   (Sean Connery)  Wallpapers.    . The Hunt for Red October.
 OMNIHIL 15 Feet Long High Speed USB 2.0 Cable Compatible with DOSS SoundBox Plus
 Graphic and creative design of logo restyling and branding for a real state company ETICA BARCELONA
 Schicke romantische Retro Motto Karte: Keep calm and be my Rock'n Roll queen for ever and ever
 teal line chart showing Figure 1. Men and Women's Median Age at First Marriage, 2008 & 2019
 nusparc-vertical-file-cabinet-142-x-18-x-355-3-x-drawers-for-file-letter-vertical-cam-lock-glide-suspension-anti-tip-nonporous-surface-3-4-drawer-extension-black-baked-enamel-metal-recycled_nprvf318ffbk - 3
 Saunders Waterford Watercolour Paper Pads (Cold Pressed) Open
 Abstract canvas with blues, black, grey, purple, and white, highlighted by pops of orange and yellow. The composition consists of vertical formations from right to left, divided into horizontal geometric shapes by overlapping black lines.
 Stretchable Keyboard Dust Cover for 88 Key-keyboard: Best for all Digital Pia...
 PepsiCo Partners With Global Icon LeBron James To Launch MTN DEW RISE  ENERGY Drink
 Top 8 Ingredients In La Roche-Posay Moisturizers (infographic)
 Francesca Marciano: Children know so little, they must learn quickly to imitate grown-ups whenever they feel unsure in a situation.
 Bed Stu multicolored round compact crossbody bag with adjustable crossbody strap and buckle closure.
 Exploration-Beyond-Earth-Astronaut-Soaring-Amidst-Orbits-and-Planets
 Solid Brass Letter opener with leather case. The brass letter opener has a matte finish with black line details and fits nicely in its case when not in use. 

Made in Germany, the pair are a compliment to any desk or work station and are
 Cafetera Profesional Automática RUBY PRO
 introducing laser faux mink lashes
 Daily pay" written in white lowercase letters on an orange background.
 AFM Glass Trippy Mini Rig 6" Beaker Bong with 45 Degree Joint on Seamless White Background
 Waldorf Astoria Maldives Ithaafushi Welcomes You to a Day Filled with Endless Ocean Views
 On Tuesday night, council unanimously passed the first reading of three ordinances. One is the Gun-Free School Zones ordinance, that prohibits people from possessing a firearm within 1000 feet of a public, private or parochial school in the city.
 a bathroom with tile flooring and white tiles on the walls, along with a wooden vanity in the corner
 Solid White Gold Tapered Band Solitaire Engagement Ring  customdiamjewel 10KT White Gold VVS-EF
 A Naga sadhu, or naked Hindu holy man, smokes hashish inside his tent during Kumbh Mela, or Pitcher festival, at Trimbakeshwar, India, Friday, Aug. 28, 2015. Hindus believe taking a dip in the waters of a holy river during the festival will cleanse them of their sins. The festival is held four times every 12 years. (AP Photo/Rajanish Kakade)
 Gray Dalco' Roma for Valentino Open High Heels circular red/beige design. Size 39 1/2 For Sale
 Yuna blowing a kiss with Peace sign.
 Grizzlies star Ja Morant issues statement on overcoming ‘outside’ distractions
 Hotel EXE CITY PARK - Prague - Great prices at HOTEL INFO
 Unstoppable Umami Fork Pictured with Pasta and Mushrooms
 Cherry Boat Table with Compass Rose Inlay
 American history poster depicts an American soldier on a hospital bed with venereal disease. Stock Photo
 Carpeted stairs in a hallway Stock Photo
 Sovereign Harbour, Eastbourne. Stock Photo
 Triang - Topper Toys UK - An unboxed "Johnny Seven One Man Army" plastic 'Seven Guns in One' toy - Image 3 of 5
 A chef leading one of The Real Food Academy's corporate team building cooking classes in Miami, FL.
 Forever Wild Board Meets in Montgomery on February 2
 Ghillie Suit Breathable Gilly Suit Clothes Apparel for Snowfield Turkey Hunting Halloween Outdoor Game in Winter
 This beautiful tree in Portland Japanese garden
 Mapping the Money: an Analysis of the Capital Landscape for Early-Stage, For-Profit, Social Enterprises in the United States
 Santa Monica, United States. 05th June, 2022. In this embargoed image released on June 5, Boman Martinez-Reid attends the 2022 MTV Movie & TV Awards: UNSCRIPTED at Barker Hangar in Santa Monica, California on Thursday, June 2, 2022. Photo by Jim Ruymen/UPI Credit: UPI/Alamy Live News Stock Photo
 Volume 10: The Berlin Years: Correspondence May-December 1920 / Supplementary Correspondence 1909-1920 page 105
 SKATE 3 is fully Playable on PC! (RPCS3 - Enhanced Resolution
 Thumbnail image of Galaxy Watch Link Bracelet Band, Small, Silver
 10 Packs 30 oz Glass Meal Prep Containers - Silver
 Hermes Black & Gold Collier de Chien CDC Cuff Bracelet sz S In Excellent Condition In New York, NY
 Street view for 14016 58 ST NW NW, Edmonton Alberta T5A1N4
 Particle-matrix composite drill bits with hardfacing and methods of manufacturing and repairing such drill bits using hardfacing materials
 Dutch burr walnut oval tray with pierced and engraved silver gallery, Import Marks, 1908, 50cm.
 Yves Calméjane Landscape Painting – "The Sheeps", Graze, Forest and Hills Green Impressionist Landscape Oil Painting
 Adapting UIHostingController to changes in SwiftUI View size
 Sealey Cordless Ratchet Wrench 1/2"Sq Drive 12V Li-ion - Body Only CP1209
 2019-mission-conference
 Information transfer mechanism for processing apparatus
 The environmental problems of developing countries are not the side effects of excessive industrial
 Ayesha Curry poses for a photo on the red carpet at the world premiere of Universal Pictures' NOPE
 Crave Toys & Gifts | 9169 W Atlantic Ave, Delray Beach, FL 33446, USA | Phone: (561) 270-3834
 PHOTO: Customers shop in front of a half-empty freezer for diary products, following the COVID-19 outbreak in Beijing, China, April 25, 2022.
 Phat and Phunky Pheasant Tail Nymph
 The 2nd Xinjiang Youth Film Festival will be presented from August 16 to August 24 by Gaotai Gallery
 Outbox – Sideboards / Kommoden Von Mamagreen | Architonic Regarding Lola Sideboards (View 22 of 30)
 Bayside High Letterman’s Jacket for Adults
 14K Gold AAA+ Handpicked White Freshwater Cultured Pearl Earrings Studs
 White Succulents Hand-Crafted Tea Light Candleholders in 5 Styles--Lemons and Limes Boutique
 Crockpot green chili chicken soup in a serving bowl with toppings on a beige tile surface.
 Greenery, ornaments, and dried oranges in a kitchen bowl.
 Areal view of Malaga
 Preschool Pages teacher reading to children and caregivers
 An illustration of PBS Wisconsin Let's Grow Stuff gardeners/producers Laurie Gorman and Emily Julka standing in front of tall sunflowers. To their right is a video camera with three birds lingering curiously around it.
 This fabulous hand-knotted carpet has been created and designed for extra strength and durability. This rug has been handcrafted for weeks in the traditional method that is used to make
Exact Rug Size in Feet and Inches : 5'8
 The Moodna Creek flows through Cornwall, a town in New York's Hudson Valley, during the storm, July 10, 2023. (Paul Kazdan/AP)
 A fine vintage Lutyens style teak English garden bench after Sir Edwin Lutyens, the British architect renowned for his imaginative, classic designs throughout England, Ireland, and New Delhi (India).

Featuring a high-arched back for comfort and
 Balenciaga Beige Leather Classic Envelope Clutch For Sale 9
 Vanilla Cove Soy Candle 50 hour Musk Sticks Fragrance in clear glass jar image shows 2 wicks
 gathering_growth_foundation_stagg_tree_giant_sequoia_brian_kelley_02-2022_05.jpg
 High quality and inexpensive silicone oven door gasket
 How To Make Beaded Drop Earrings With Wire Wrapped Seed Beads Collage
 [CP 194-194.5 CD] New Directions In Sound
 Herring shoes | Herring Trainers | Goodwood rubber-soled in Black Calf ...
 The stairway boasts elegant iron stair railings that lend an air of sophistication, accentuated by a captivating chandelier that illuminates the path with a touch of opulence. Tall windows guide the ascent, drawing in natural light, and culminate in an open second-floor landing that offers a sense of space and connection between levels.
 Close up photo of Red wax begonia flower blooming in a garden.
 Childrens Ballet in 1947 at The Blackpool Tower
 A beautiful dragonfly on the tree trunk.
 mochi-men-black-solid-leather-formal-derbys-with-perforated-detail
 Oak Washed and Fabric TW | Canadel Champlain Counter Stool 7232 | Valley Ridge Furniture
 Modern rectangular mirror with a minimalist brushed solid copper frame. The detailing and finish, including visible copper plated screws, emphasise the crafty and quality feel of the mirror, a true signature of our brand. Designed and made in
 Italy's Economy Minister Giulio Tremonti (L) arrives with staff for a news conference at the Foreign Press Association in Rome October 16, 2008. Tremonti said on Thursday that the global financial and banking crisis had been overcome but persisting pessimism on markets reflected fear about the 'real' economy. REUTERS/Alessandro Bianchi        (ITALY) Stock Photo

WHAT YOU NEED TO DO: The reply should hold only the lines from the beginning of the listing to the line with "Saunders Waterford Watercolour", both ends included, unchanged.

EXERCISE RESULT:
   (Sean Connery)  Wallpapers.    . The Hunt for Red October.
 OMNIHIL 15 Feet Long High Speed USB 2.0 Cable Compatible with DOSS SoundBox Plus
 Graphic and creative design of logo restyling and branding for a real state company ETICA BARCELONA
 Schicke romantische Retro Motto Karte: Keep calm and be my Rock'n Roll queen for ever and ever
 teal line chart showing Figure 1. Men and Women's Median Age at First Marriage, 2008 & 2019
 nusparc-vertical-file-cabinet-142-x-18-x-355-3-x-drawers-for-file-letter-vertical-cam-lock-glide-suspension-anti-tip-nonporous-surface-3-4-drawer-extension-black-baked-enamel-metal-recycled_nprvf318ffbk - 3
 Saunders Waterford Watercolour Paper Pads (Cold Pressed) Open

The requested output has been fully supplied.